Collier v. Bi-State Development Agency

Citation700 S.W.2d 479
Decision Date01 October 1985
Docket NumberBI-STATE,No. 48893,48893
PartiesOrlando COLLIER, Plaintiff-Respondent, v.DEVELOPMENT AGENCY, Defendant-Appellant.
CourtCourt of Appeal of Missouri (US)

Fox, Goldblatt & Singer, Inc., St. Louis, for plaintiff-respondent.

Mark G. Arnold, Kathryn M. Koch, Husch, Eppenberger, Donohue, Elson & Cornfeld, St. Louis, for defendant-appellant.

SIMON, Presiding Judge.

Bi-State Development Agency (Bi-State) appeals a judgment of the Circuit Court of the City of St. Louis entered pursuant to a jury verdict of $15,000.00 in favor of Orlando Collier (Collier) for personal injuries sustained in a bus collision. In answering, Bi-State pled Collier's contributory negligence as an affirmative defense.

On appeal, Bi-State contends the trial court erred in failing to submit its tendered comparative fault instruction, which is supported by substantial evidence. We disagree.
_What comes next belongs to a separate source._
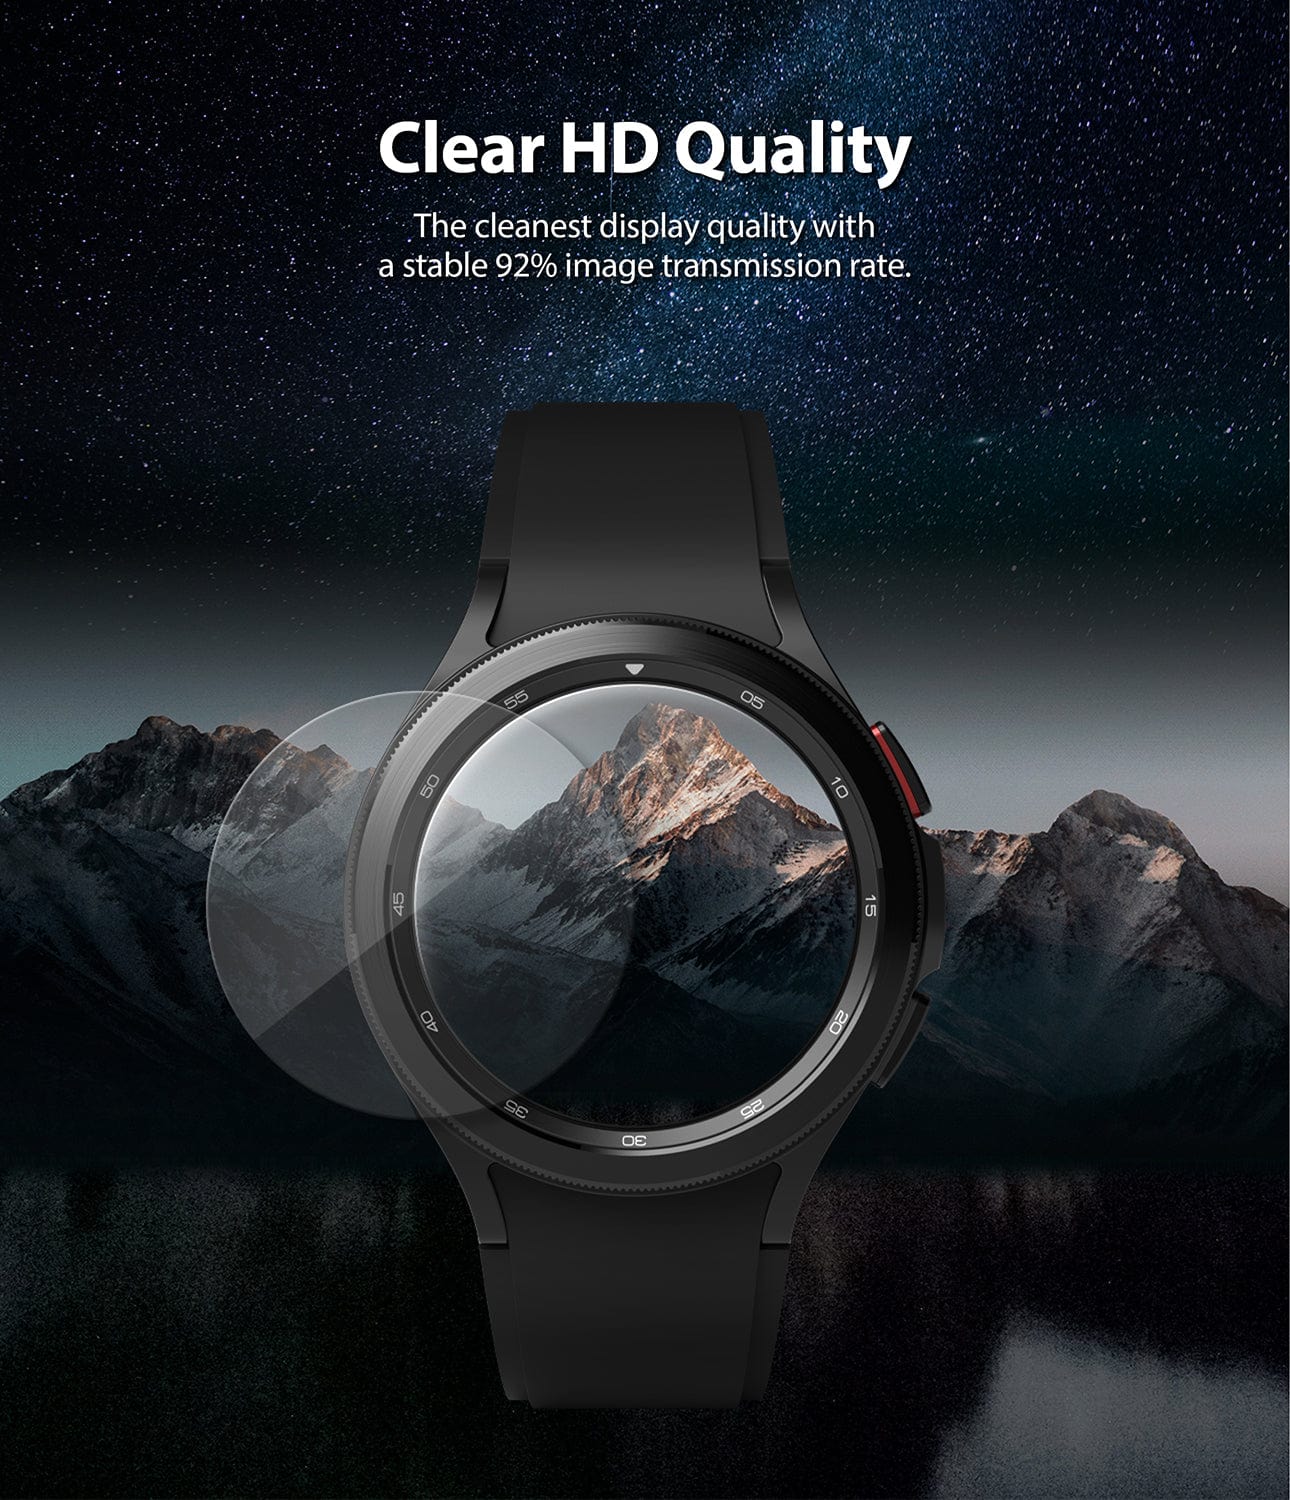 Galaxy Watch 4 Classic 46mm ID Glass Screen Protector By Ringke

The tendered instruction is not in MAI, but incorporates 1983 Committee Illustration, MAI 32.01(1) and MAI 17.04, and provides as follows:

You must assess a percentage of fault to plaintiff if you believe:

First, plaintiff knew that there was a reasonable likelihood of collision in time thereafter to have grasped the handrail on the bus prior to the collision, but plaintiff failed to do so, and

Second, plaintiff was thereby negligent, and

Third, such negligence of plaintiff directly caused or directly contributed to cause any damage plaintiff may have sustained.

In determining the propriety of an instruction, we view the evidence in the light most favorable to the submission of the instruction. Hopkins v. Goose Creek Land Co., Inc., 673 S.W.2d 465, 467 (Mo.App.1984). Collier, fifteen years old, boarded a Bi-State bus at the intersection of Grand and Twentieth Street sometime in the afternoon before 3:00 p.m. Collier sat in a window seat in front of the back door on the side opposite the bus driver. About twenty to twenty-five people were on the bus. The bus, proceeding west on West Florissant, stopped at the traffic signal at the intersection of Pope and West Florissant in the right lane next to the curb lane. Collier was looking out the window at all times and as the bus approached the intersection, he saw another Bi-State bus parked in the right parking lane of West Florissant at a bus stop approximately 1500 feet west of the signal. Collier testified that after the signal changed the bus on which he was riding was moving into the parking lane and it appeared that the bus would pull behind the other Bi-State bus. He estimated that the bus was traveling at a speed of 10-15 miles per hour. Approximately five seconds or more before the moving bus collided with the parked bus, Collier realized that the bus on which he was riding was going to collide with the parked bus. Collier, realizing that the bus would collide with the parked bus, raised his right hand to brace himself, but failed to take hold of the handrail in front of him. His chest hit his wrist and his wrist hit the handrail, fracturing his wrist in two places.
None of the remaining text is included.